EXERCISE GOAL –
Please, in the data that follows, copy exactly the lines from the line with "Grohe 32875000 Eurosmart" through the last one, both included. Do not include pictures.

INFORMATION SHOWN –
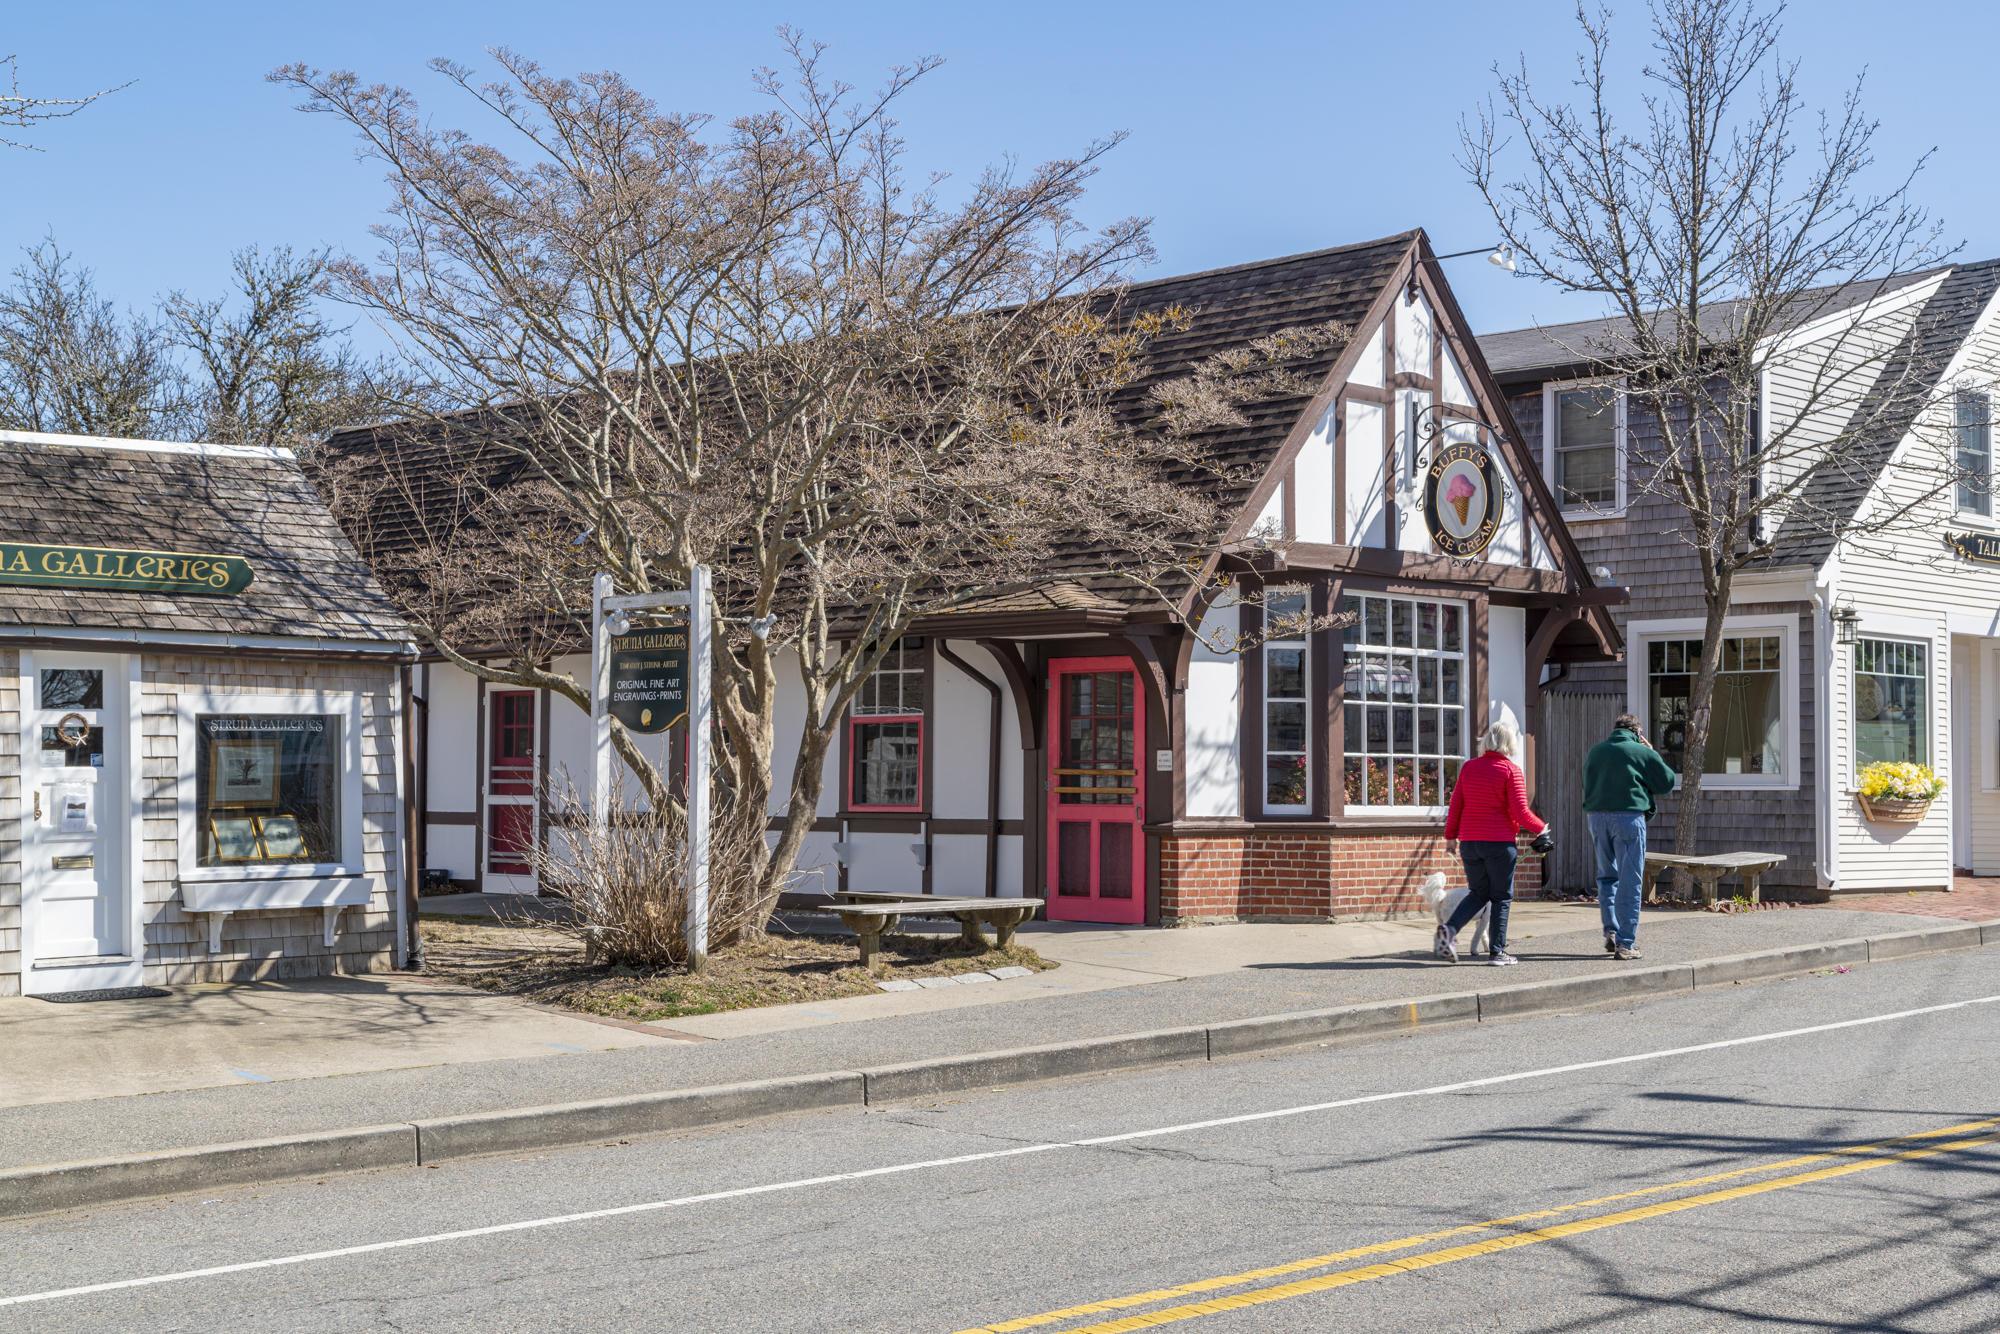 456 Main Street, Chatham, MA  02633 - slide 2
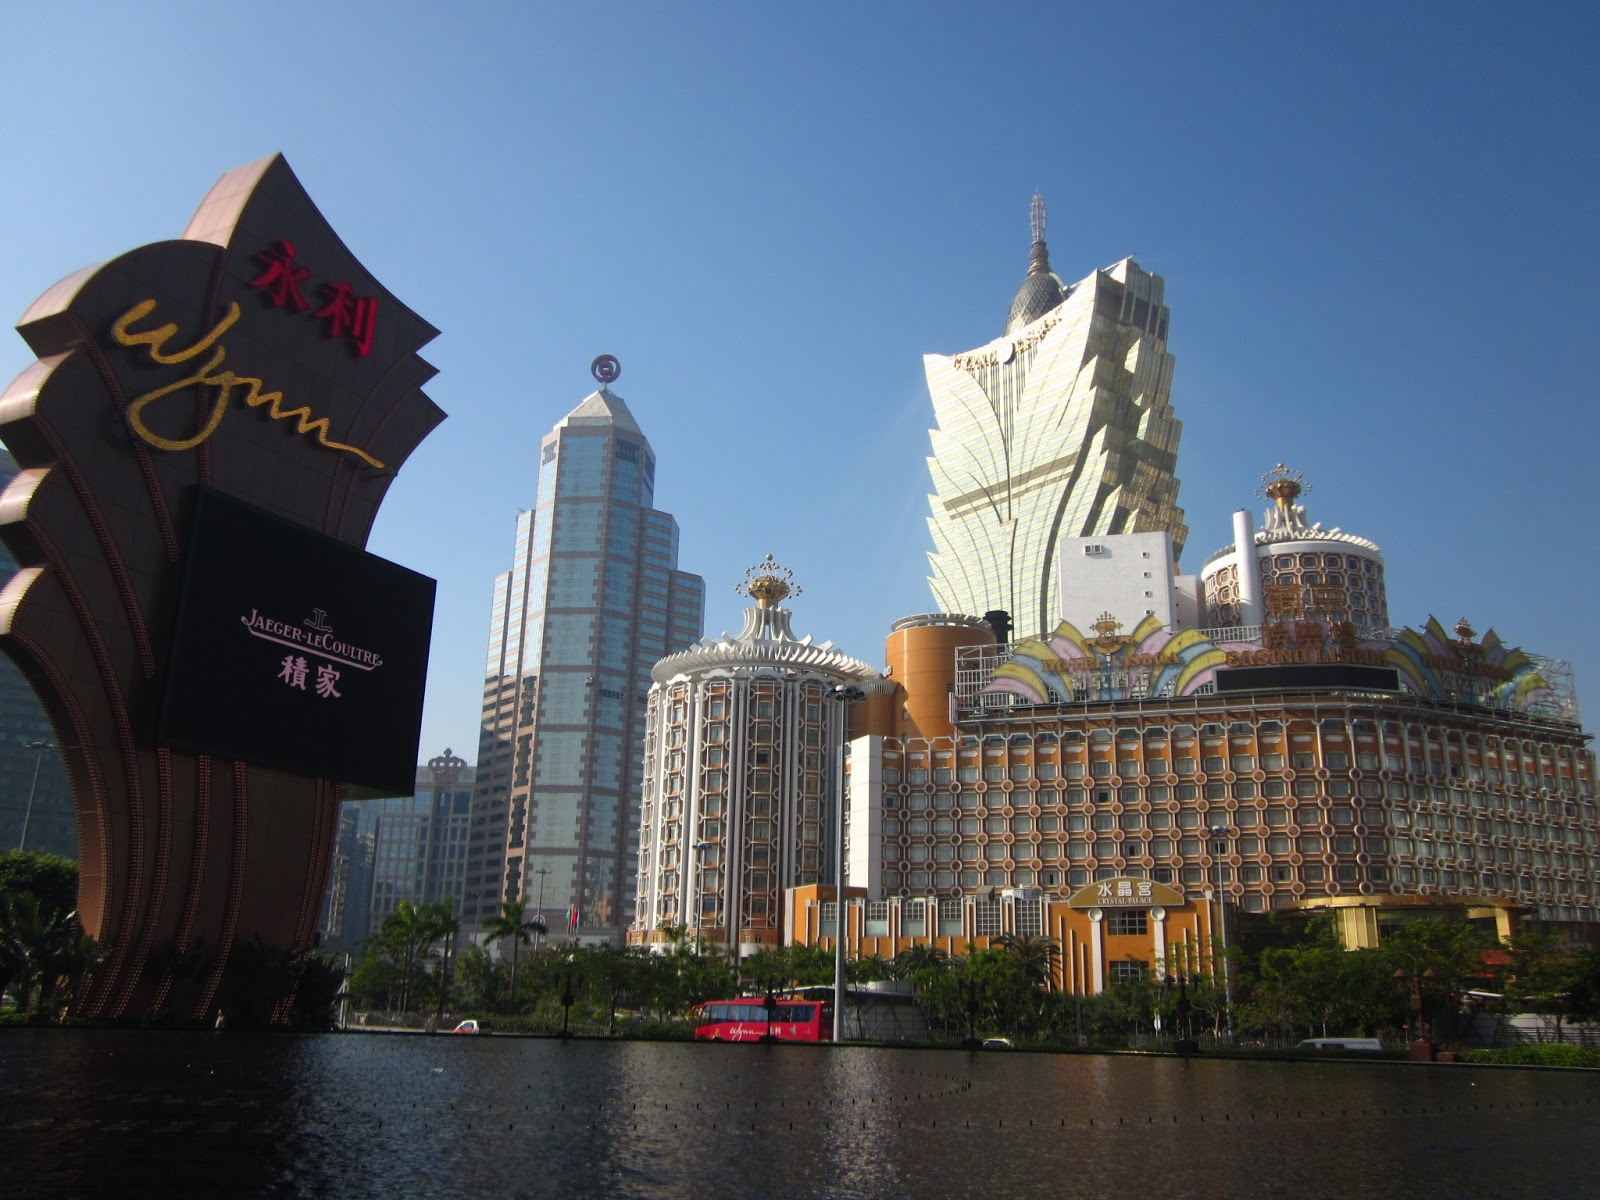 Name of macau casino in skyfall
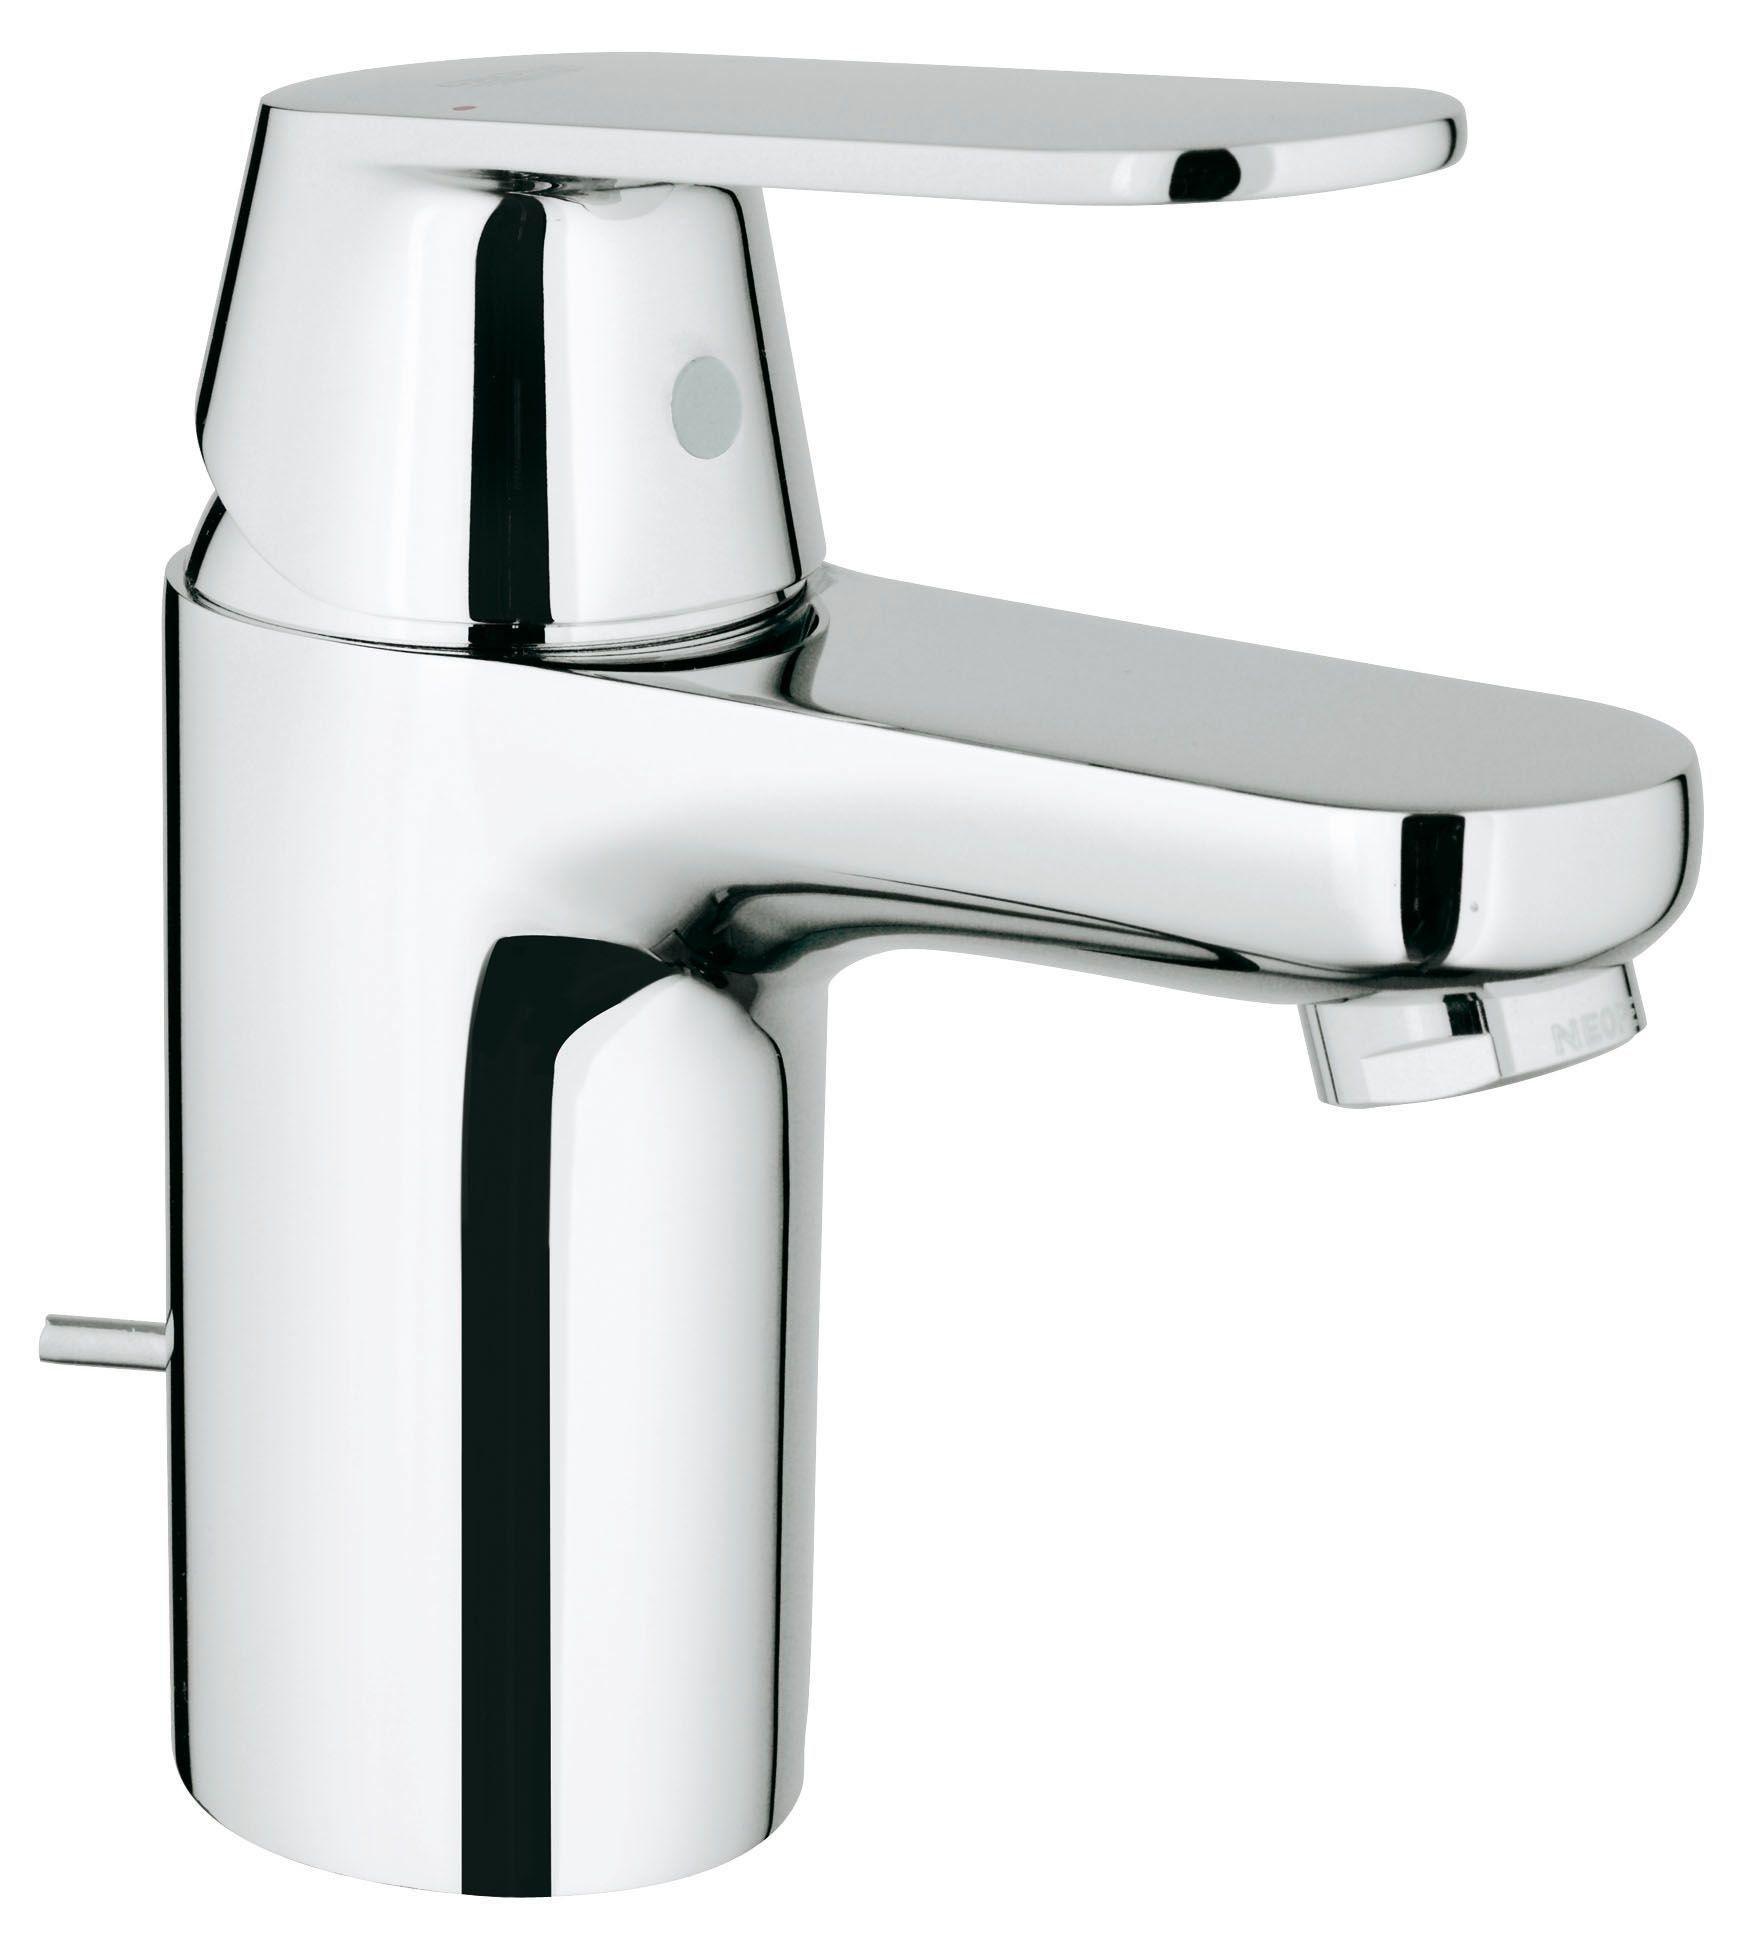 Grohe 32875000 Eurosmart Cosmo Centerset Lavatory Faucet
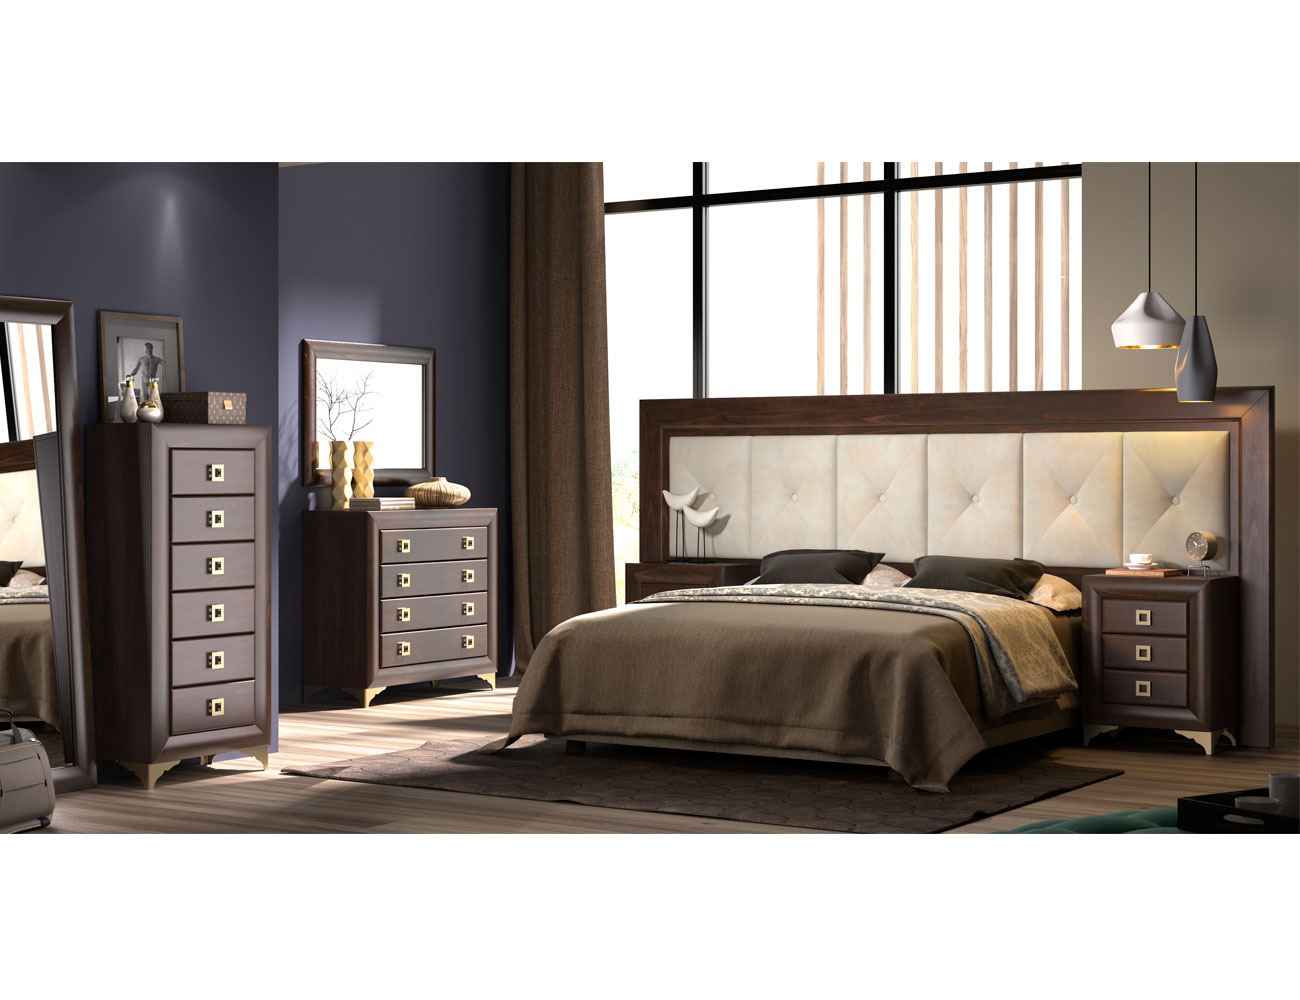 Dormitorio matrimonio nogal tapizado patas cabecero 285cm2

RESPONSE TO THE EXERCISE –
 Grohe 32875000 Eurosmart Cosmo Centerset Lavatory Faucet
 Dormitorio matrimonio nogal tapizado patas cabecero 285cm2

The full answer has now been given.